* Data extracts *
○ ○ ○ ○
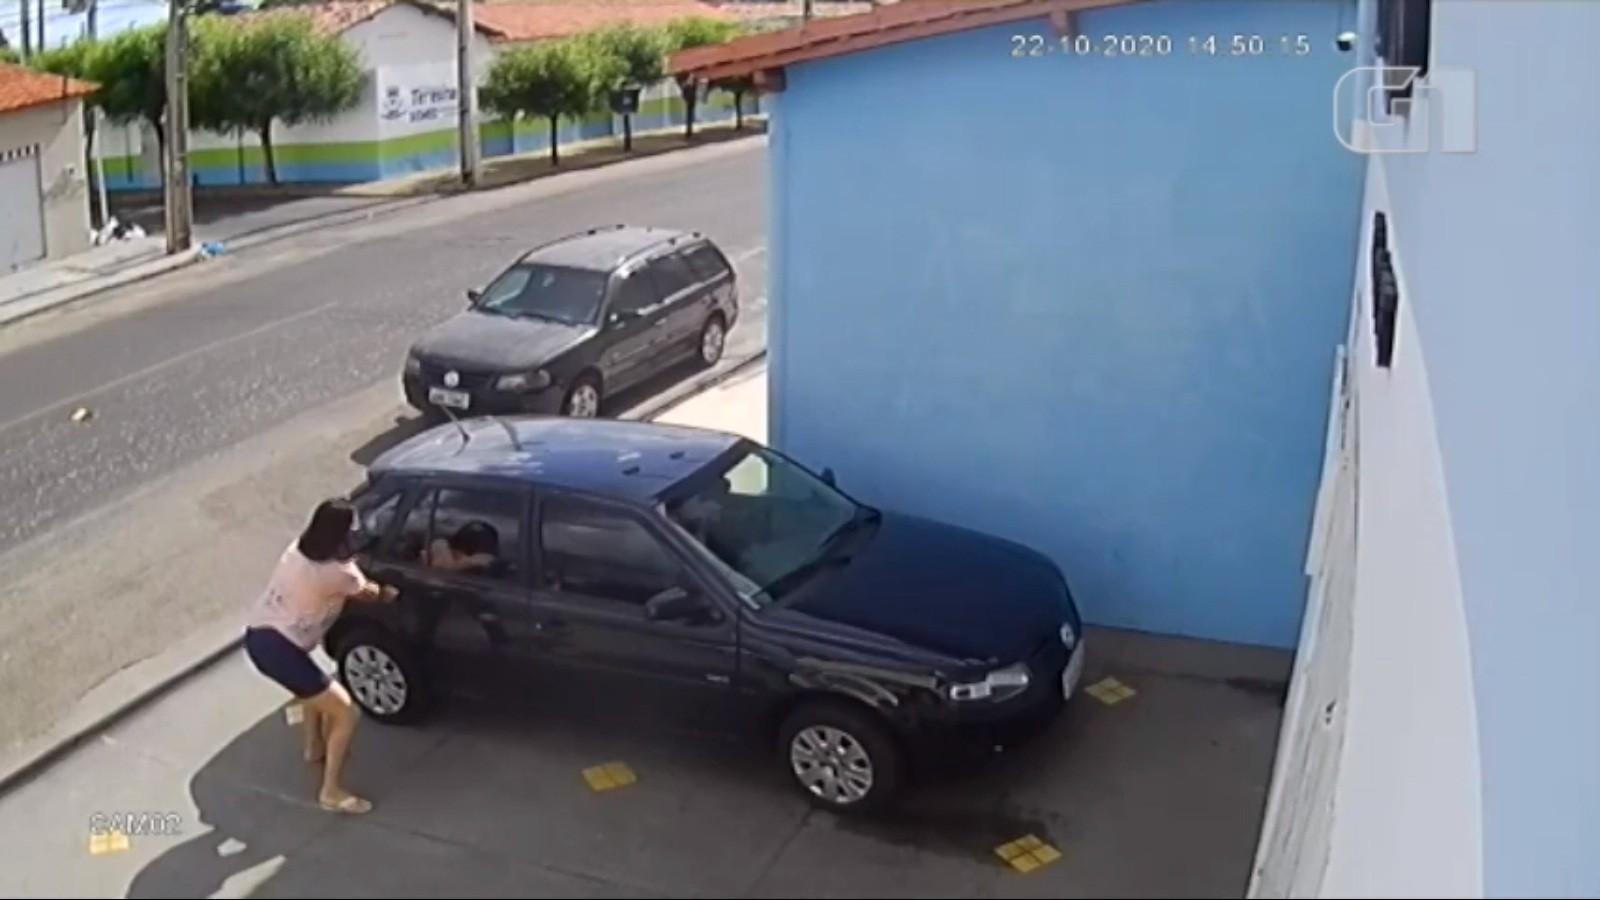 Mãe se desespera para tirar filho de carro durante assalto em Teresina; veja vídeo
○ ○ ○ ○
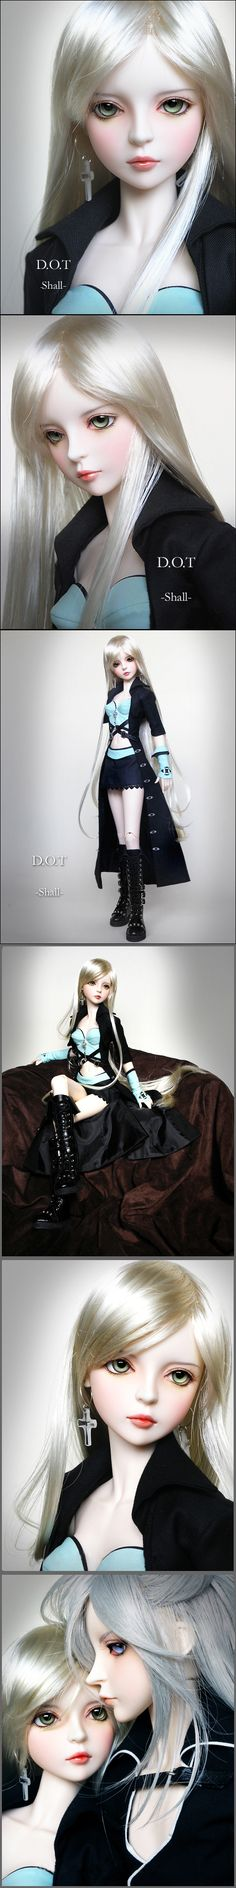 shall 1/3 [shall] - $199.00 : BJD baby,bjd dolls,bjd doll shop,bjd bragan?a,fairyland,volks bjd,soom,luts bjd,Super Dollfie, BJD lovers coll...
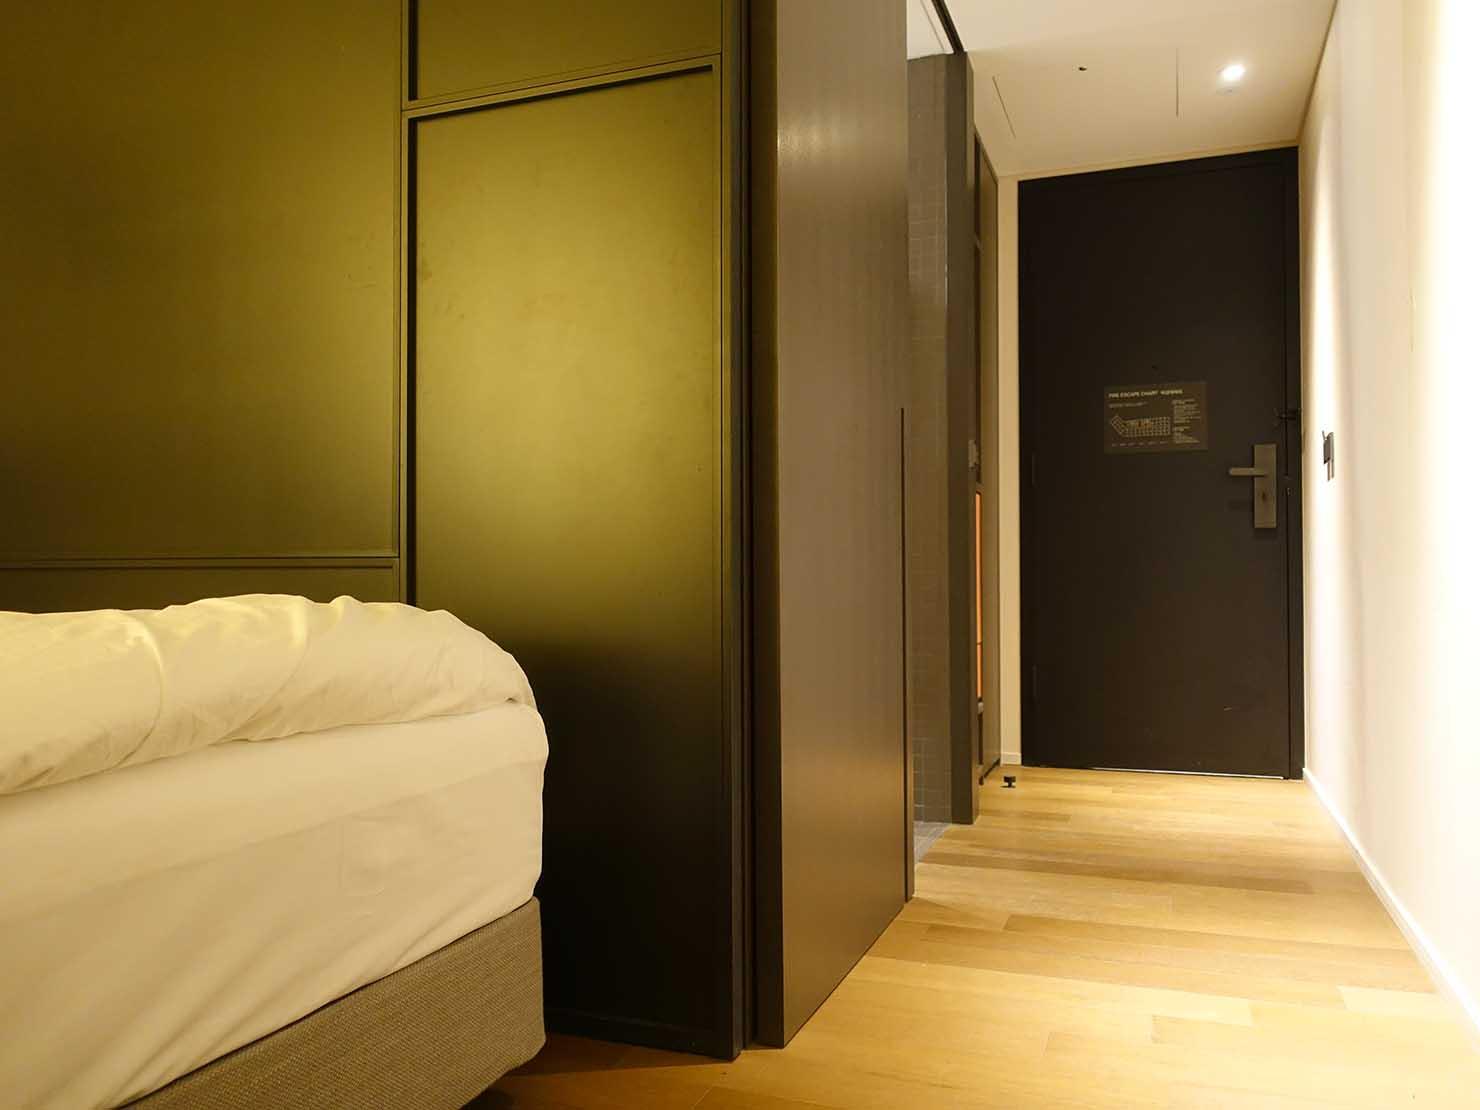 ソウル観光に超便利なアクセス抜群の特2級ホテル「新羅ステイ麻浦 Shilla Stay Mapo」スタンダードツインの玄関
○ ○ ○ ○
* Brief *
From the records above, copy only the lines running from the line holding "shall 1/3 [shall]" through the line holding "ソウル観光に超便利なアクセス抜群の特2級ホテル「新羅ステイ麻浦 Shilla Stay", with no pictures.

* Output for this exercise *
 shall 1/3 [shall] - $199.00 : BJD baby,bjd dolls,bjd doll shop,bjd bragan?a,fairyland,volks bjd,soom,luts bjd,Super Dollfie, BJD lovers coll...
 ソウル観光に超便利なアクセス抜群の特2級ホテル「新羅ステイ麻浦 Shilla Stay Mapo」スタンダードツインの玄関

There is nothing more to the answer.